Condoms? Who uses condoms...?


----------



## Logtec (Jun 3, 2018)

Plumbus said:


> You may have noticed how the tee and j bend connections on continuous wastes come loose under the kitchen sink, probably due to disposal vibration or an argument with a garbage can.
> An old timer gave me some hefty 1-3/8" o-rings and said to use them in place of the slip joint washers at those tee and J bend joints. Works great.



I’ll keep that in mind, I don’t see more then a few Garborators a year.


----------



## skoronesa (Oct 27, 2015)

Plumbus said:


> You may have noticed how the tee and j bend connections on continuous wastes come loose under the kitchen sink, probably due to disposal vibration or an argument with a garbage can.
> An old timer gave me some hefty 1-3/8" o-rings and said to use them in place of the slip joint washers at those tee and J bend joints. Works great.





Not sure what a continuous waste is but were they square cut washers? WB only supplies orange square cut washers with all their chrome stuff.


https://www.plumbmaster.com/wolveri...r-square-cut-slip-joint-washer-orange/p/51605


I suppose regular black o-rings of the correct size would work too. Now I have to get a bunch just to have them! Although I prolly already have some in one of my 3 sexauer oring kits.


----------



## skoronesa (Oct 27, 2015)

Logtec said:


> Condoms? Who uses condoms...?





Well sheep do carry lots of diseases. Those newfies ain't as dumb as you think!!


----------



## Logtec (Jun 3, 2018)

skoronesa said:


> Logtec said:
> 
> 
> > Condoms? Who uses condoms...?
> ...



Agreed, they invented Velcro gloves and take the sheep to the edge of a cliff so they push back..


----------



## ShtRnsdownhill (Jan 13, 2016)

..................................


----------



## canuck92 (Apr 1, 2016)

Logtec said:


> Plumbus said:
> 
> 
> > You may have noticed how the tee and j bend connections on continuous wastes come loose under the kitchen sink, probably due to disposal vibration or an argument with a garbage can.
> ...


I had a call yesterday, the office told me there garborator " fell off" an i said yea right we'll see. Sure enough ...


----------



## Logtec (Jun 3, 2018)

canuck92 said:


> Logtec said:
> 
> 
> > Plumbus said:
> ...



Hahah, yep, every once in a while those calls come in and it sound too good to “not be true”!

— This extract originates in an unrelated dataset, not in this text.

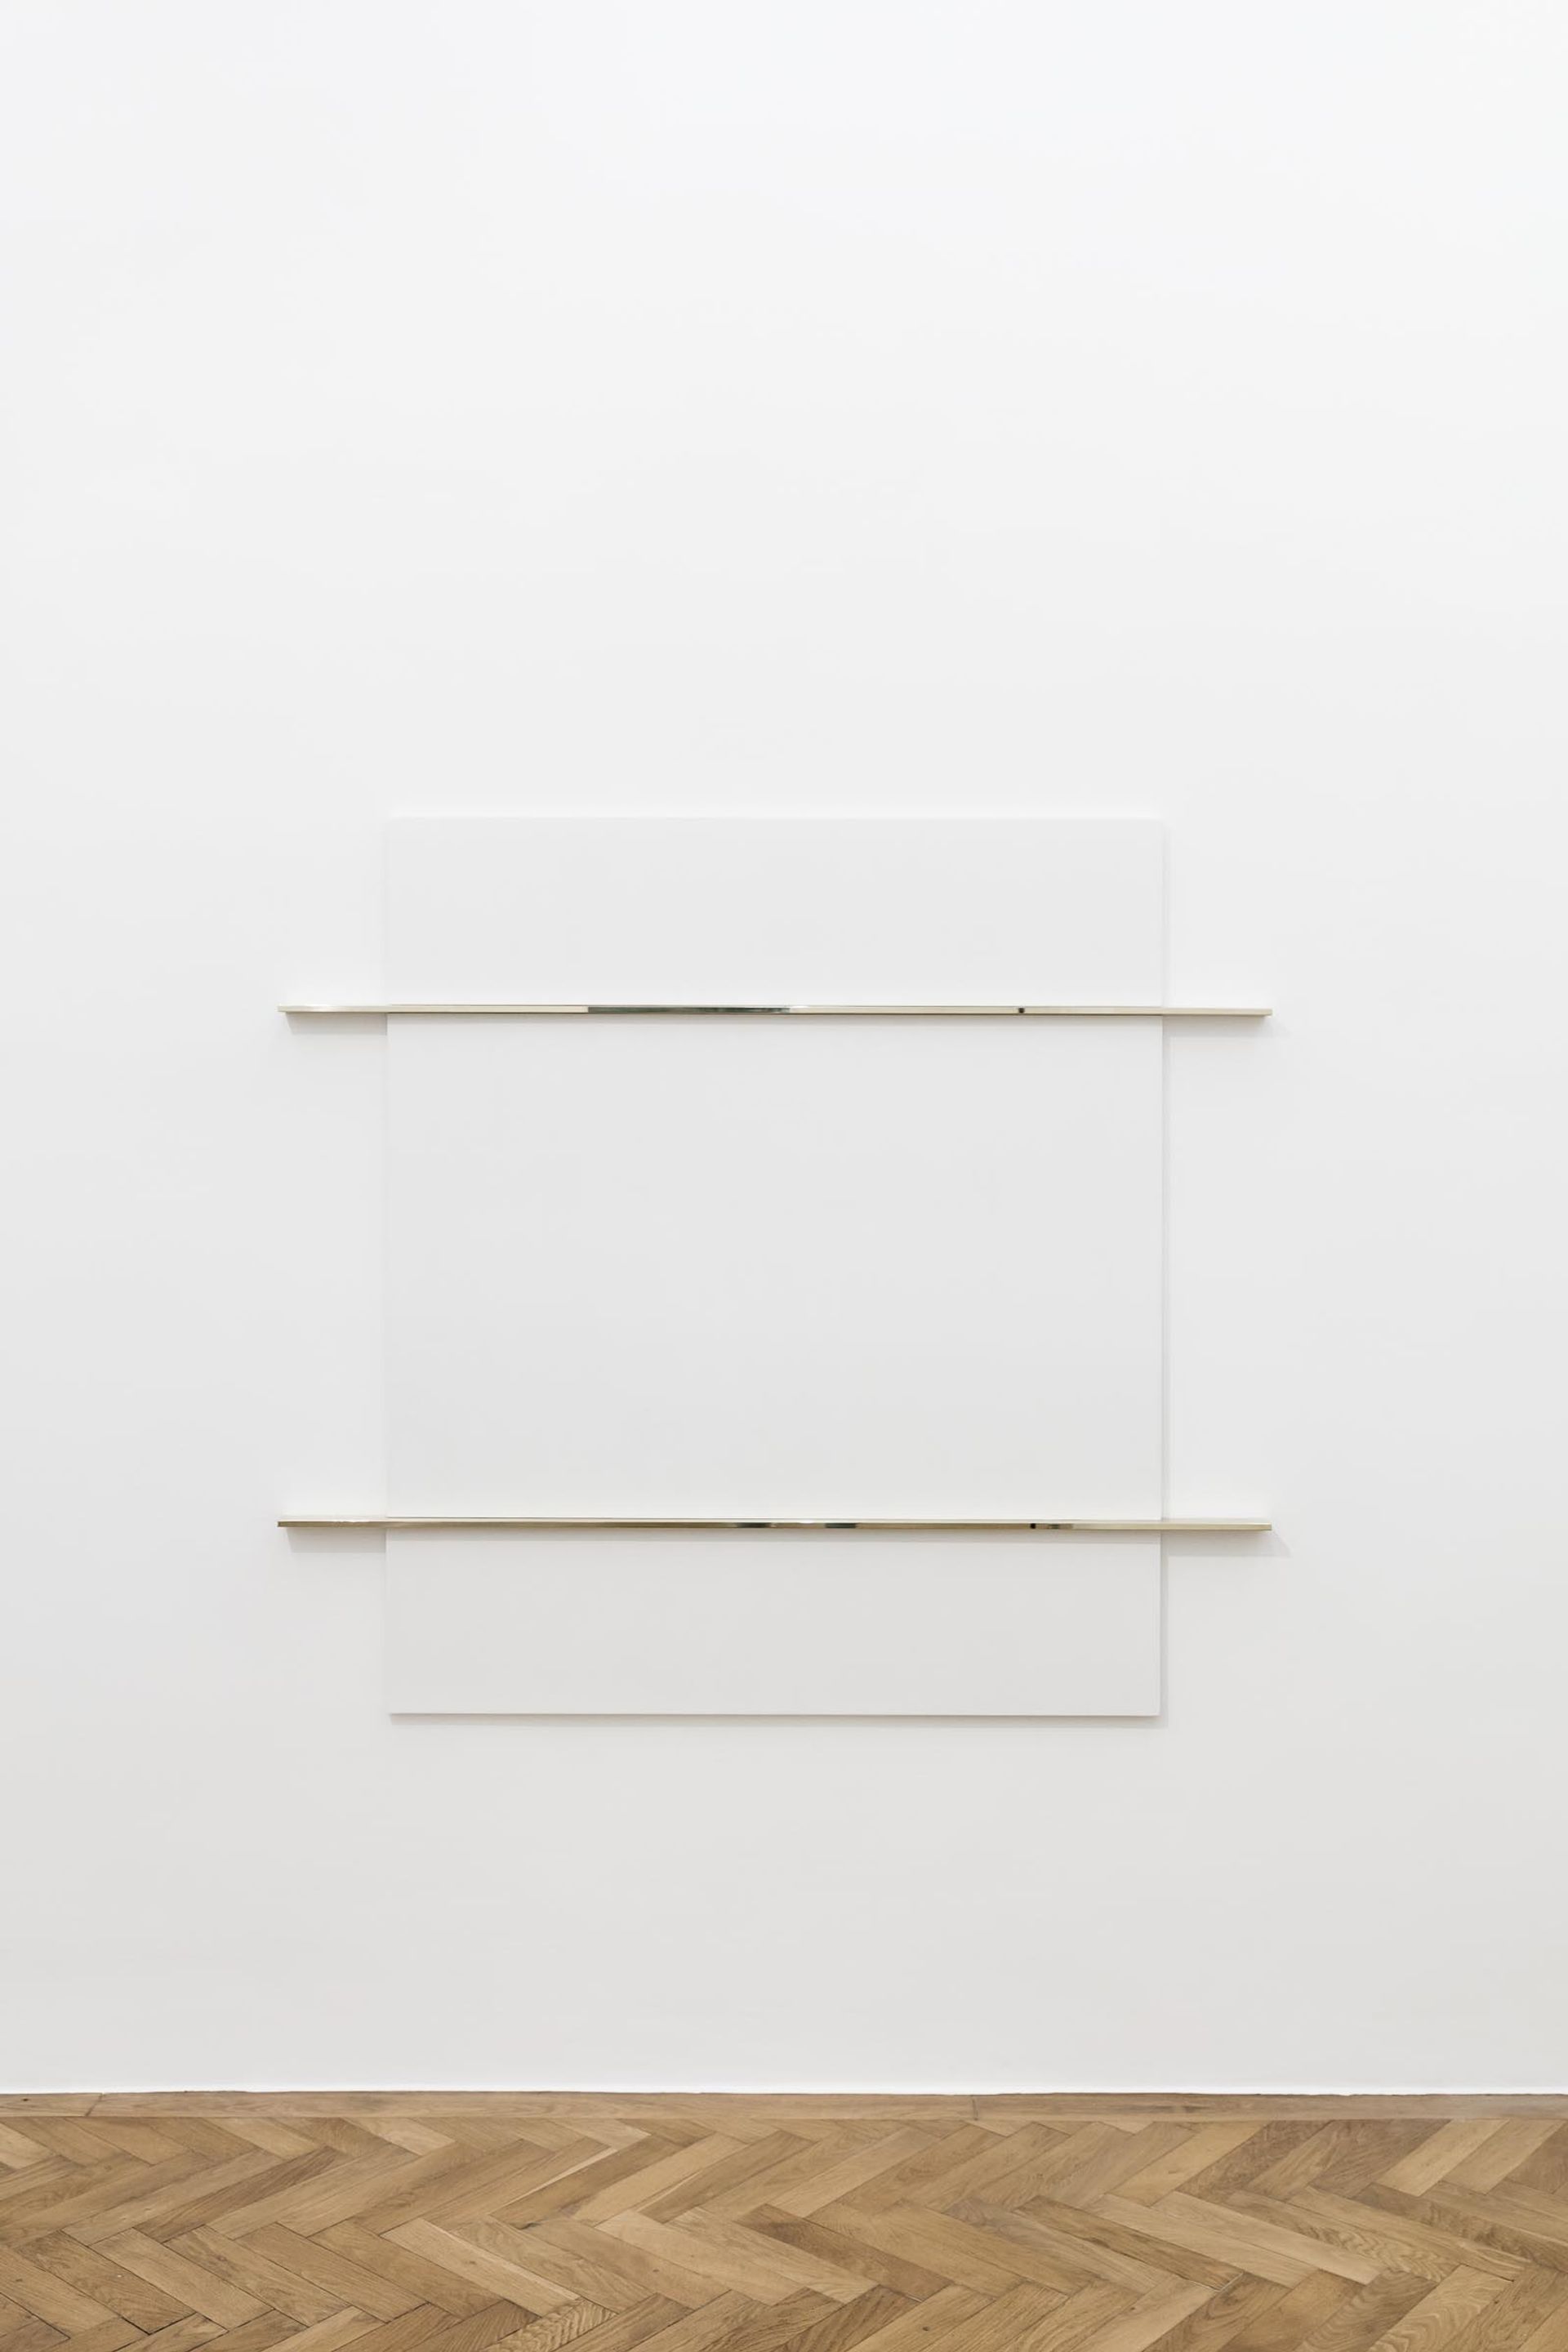 Haris Epaminonda, N.I, 2017, white pastellone, brass, 161,5 × 172 x 5 cm

In the pic, it looks like the ABS compression nut wasn’t tightened at all. Who did the install?


----------



## skoronesa (Oct 27, 2015)

Logtec said:


> Hahah, yep, every once in a while those calls come in and it sound too good to “not be true”!
> 
> In the pic, it looks like the ABS compression nut wasn’t tightened at all. Who did the install?







You guys call garbage disposals "garborators"? That is the dumbest sounding name I have ever heard. We call them garbage disposals or food disposals. I am partial to the latter.

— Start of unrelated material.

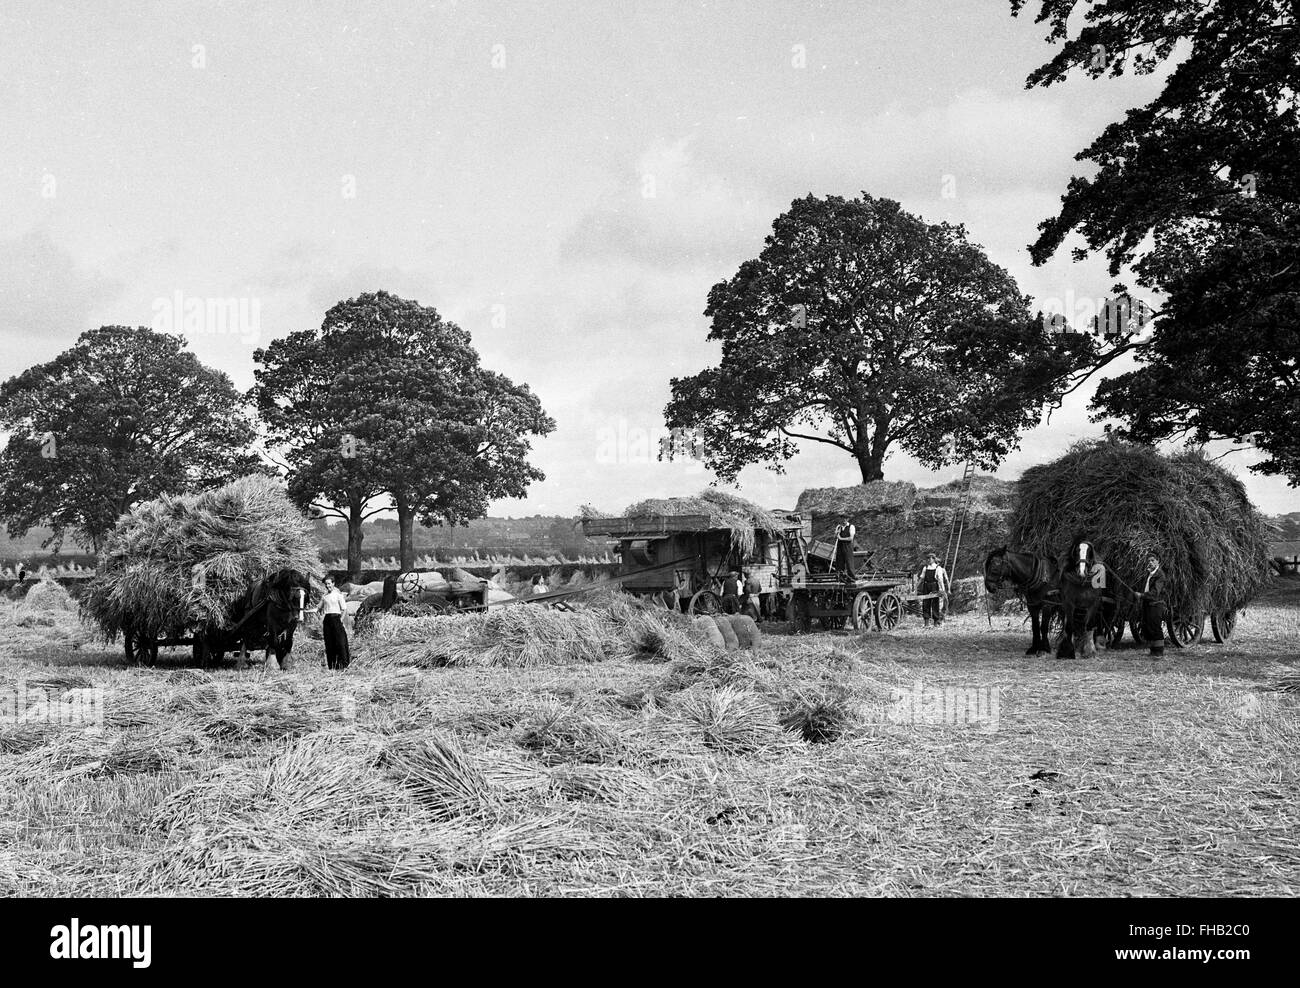 La récolte du foin en scène rurale en été Shropshire England Angleterre Uk 1950 Banque D'Images

I would imagine the abs nut was tightened and pulling the pipes down and the homeowner took it off so it wouldn't crack the pipe.


I find when this happens it's because they didn't spin the lock ring that last couple degrees so it goes over that bump. Even with big channellocks it can be hard to pinch together.














.


----------



## goeswiththeflow (Feb 24, 2018)

Compression nut?!! Eff that, the unit was not installed correctly on the mounting bracket! When doing the first few myself, I wondered what was tight enough, until I finally felt that first one click. God help those poor people who bought the half dozen condos where this inexperienced apprentice installed those disposals. For a while there I reassured myself that it couldn't be all that bad, since I'd never heard of one falling off..... until now.


----------



## Plumbus (Aug 4, 2008)

End outlet and center outlet continuous wastes:


----------



## Venomthirst (Jun 20, 2018)

skoronesa said:


> You guys call garbage disposals "garborators"? That is the dumbest sounding name I have ever heard. We call them garbage disposals or food disposals. I am partial to the latter.
> 
> 
> 
> ...



Yes we do call them garberator.. that was a trade name at one time If I'm not mistaken.. just like you call it a fernco well fernco isn't actually called a fernco it's called a rubber flexible coupling..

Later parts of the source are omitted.